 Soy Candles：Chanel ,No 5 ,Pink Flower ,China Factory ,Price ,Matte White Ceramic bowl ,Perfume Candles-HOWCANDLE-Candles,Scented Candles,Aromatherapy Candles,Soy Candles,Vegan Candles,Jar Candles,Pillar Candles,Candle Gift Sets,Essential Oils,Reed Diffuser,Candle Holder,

- - - - -

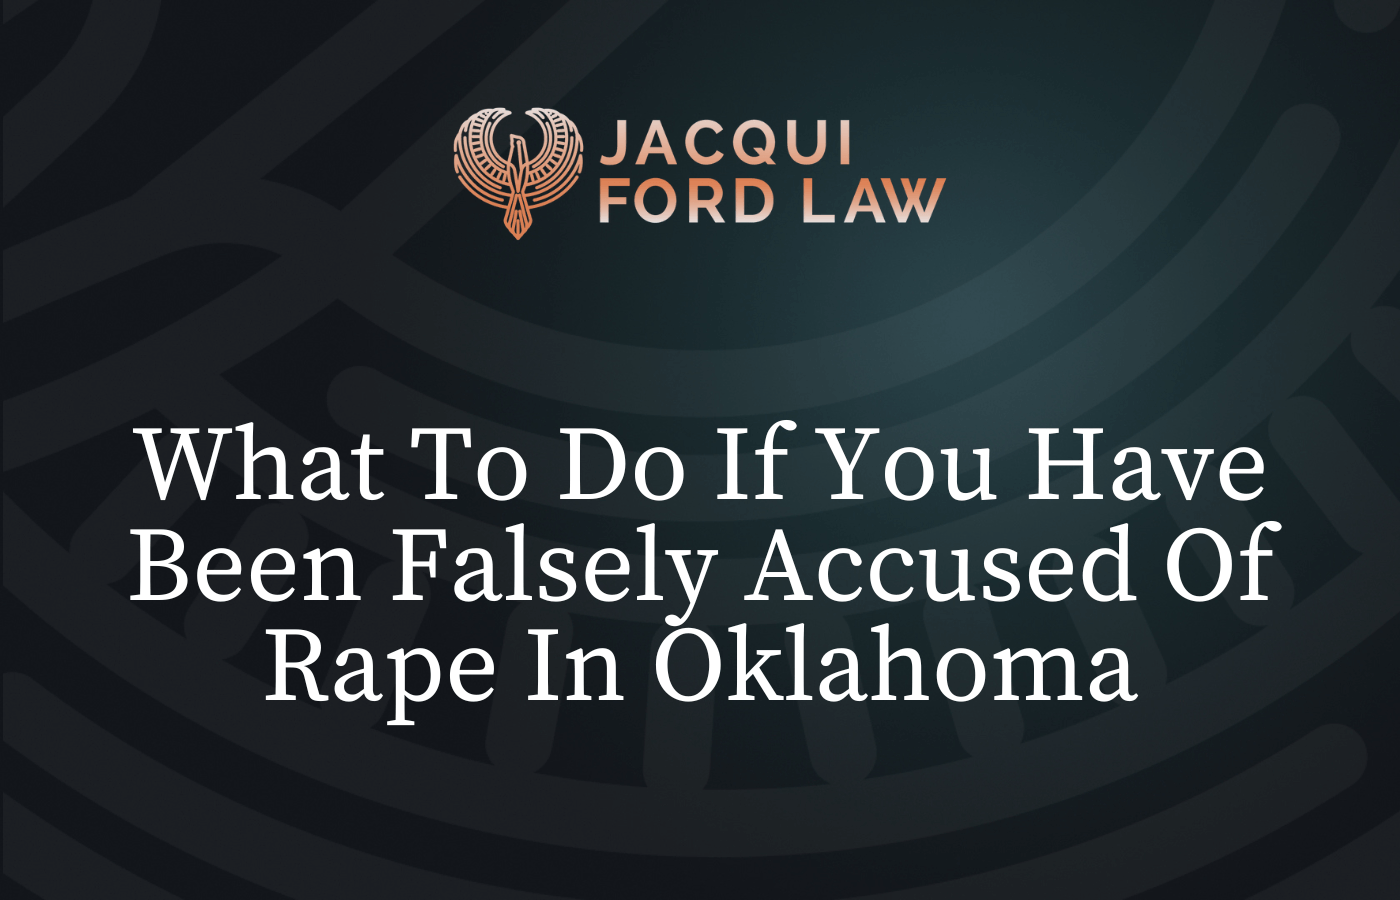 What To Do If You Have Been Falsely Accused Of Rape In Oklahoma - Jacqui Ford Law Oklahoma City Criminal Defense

- - - - -

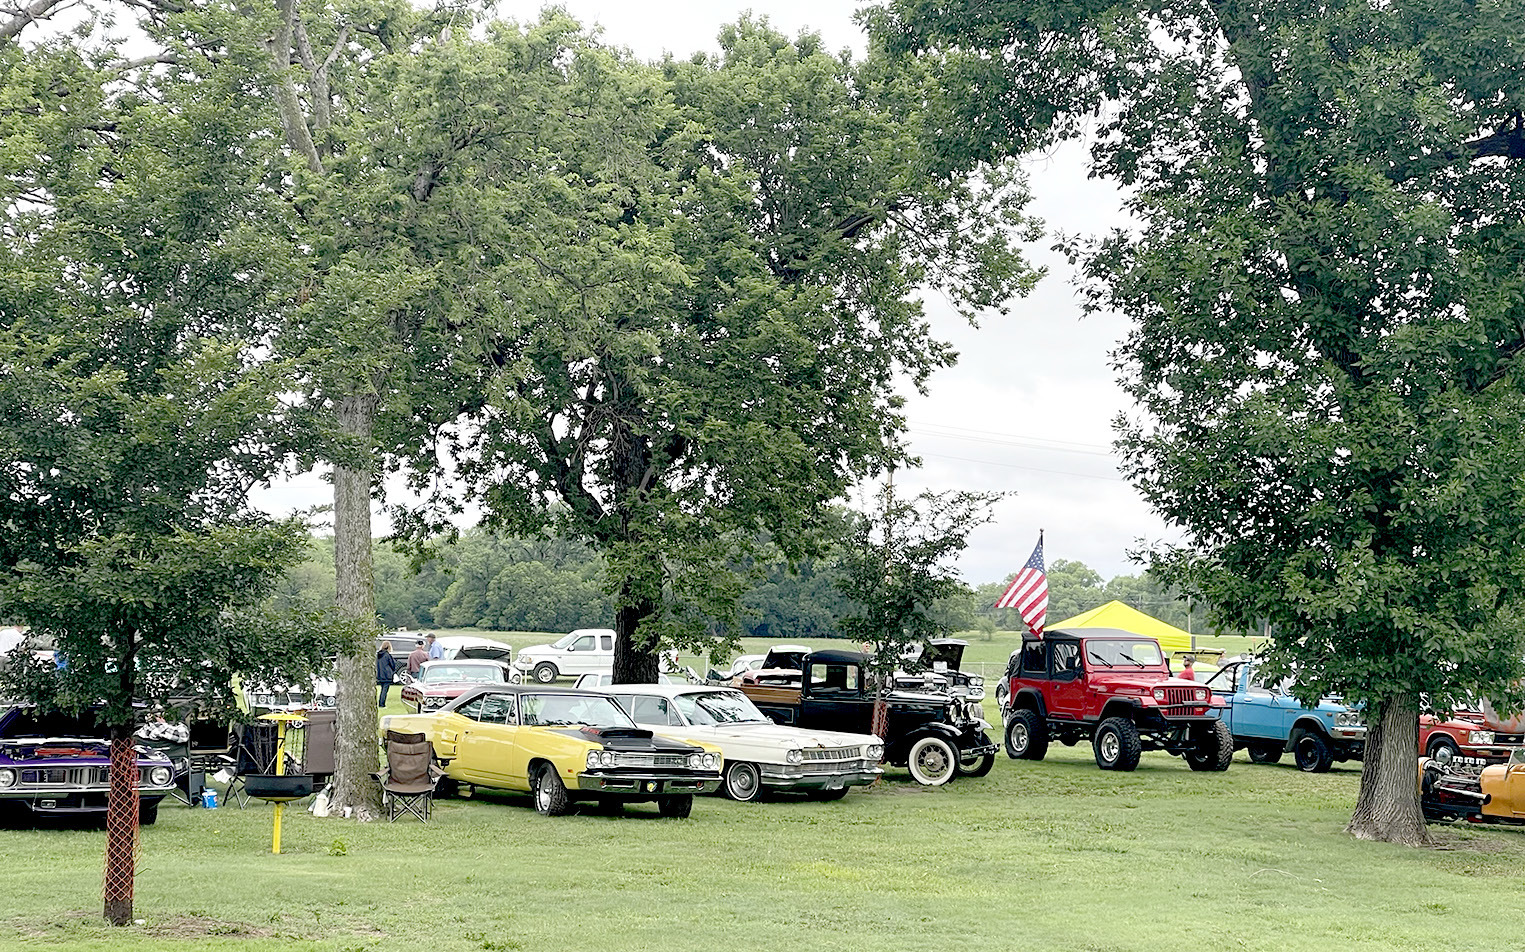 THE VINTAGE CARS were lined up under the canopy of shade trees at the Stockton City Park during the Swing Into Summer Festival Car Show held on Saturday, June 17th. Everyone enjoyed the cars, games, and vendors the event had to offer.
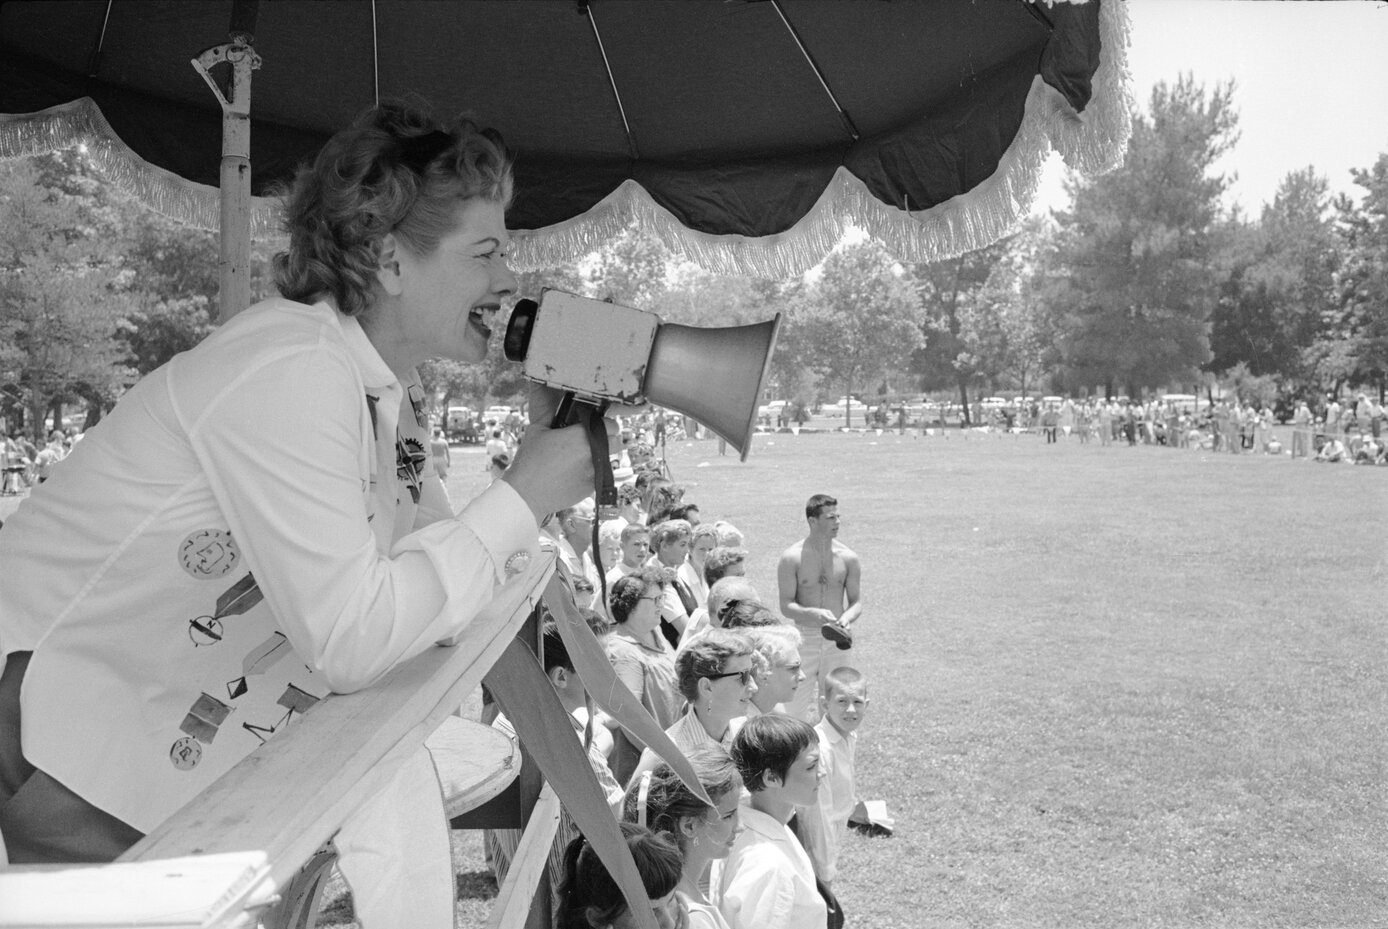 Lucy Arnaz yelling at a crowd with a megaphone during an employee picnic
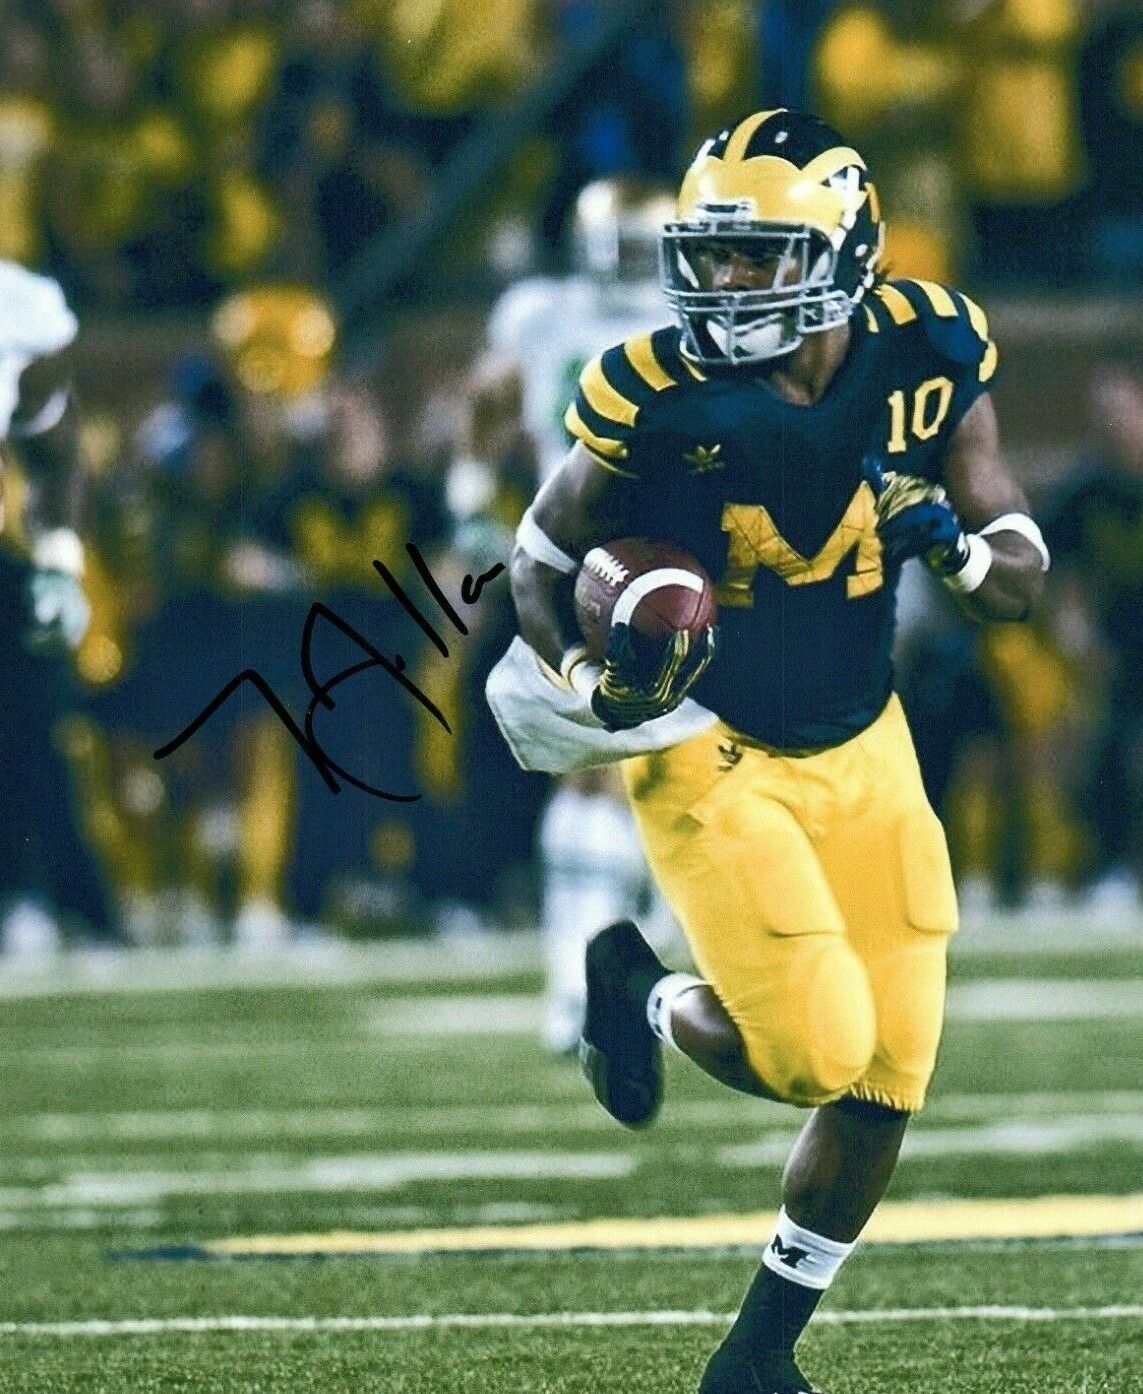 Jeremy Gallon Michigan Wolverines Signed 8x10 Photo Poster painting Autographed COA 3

- - - - -

[Your goal] Both boundary lines included, write out word for word only the lines above from the one containing "THE VINTAGE CARS" to the one containing "Jeremy Gallon Michigan", leaving out any pictures.

[Answer for this exercise]
 THE VINTAGE CARS were lined up under the canopy of shade trees at the Stockton City Park during the Swing Into Summer Festival Car Show held on Saturday, June 17th. Everyone enjoyed the cars, games, and vendors the event had to offer.
 Lucy Arnaz yelling at a crowd with a megaphone during an employee picnic
 Jeremy Gallon Michigan Wolverines Signed 8x10 Photo Poster painting Autographed COA 3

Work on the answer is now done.